Obviously, I’d prefer it if Pheniks never learned about how I’d deceived and manipulated him, but all I wanted from this disaster was to keep him safe. If that meant he learned about my deep-cover mission in Zan, so be it.
“Bring him to my apartment,” Talira continued. “Hopefully, a neutral setting will make him more comfortable than a rival House’s headquarters.”
“Smart,” I said. “Anything else?”
“Nothing. Only…”
While she gathered her thoughts, I placidly waited.
“Are you ok?” she asked. “Have you had enough time to recover?”
Not even a little bit.
“Does it matter?” I asked. “House business came to my door tonight. Am I, as the Lokke Vitras, supposed to ignore it because I’m not at my best?”

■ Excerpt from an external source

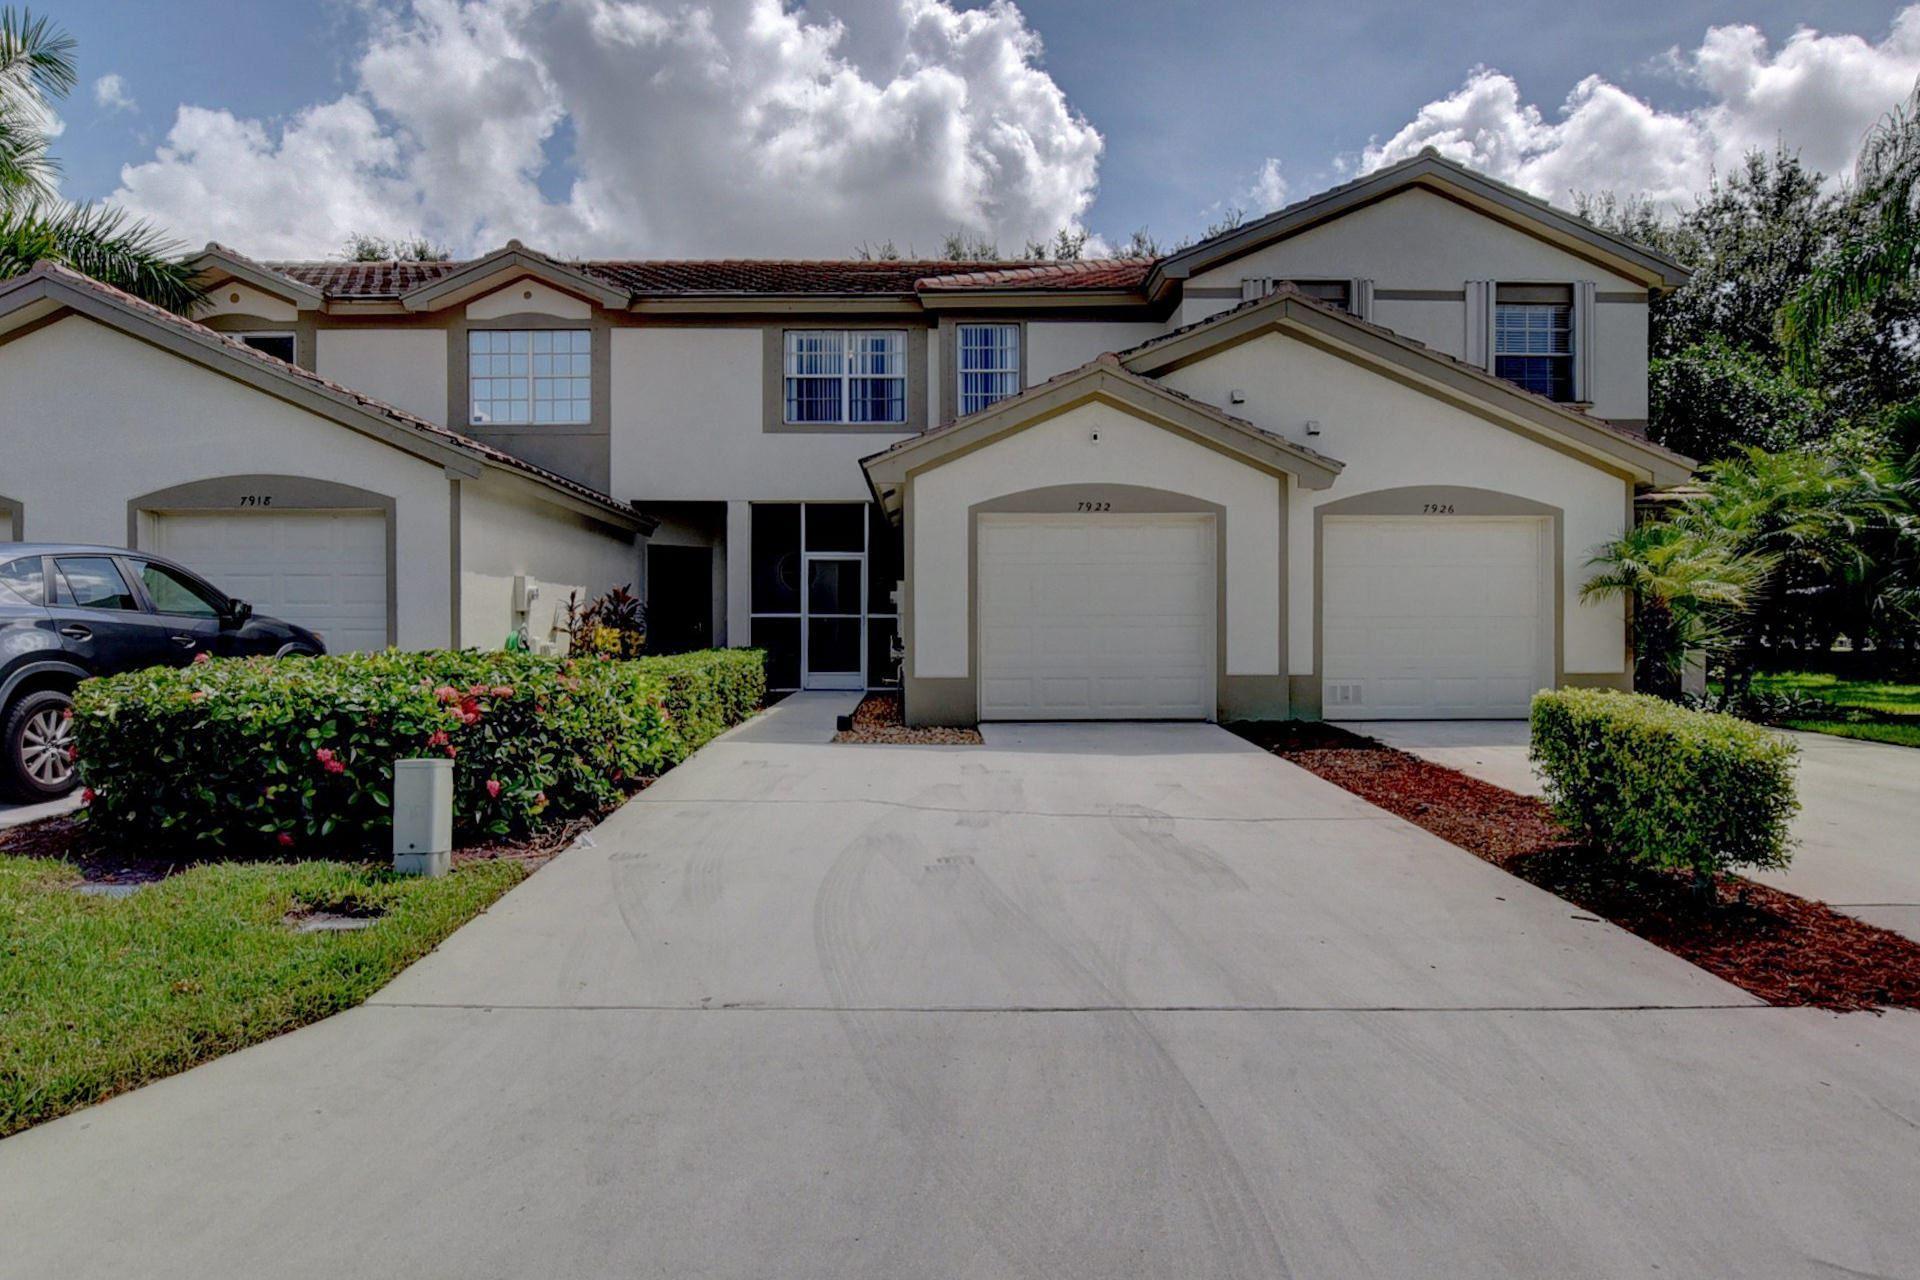 7922 Sienna Springs Drive, Lake Worth, FL 33463 - #: RX-10656490

Slowly, Talira breathed out.
“I’ll see you in a few hours, then,” she said.
“I’ll be there as soon as I can,” I said.
Quietly, I waited for her to cut the connection, and although Talira hesitated for a moment, she eventually did that. Pulling my legs up on my seat, I faced my brother, leaning against the door. See what I’d done to him, fitfully sleeping as he was and a total mess.
Watching him, my fingers itched for the steel of a blade, but I focused on how I’d help Pheniks rather than indulging that need. As we flew to Xygek, I started building his case, for when he’d eventually need it.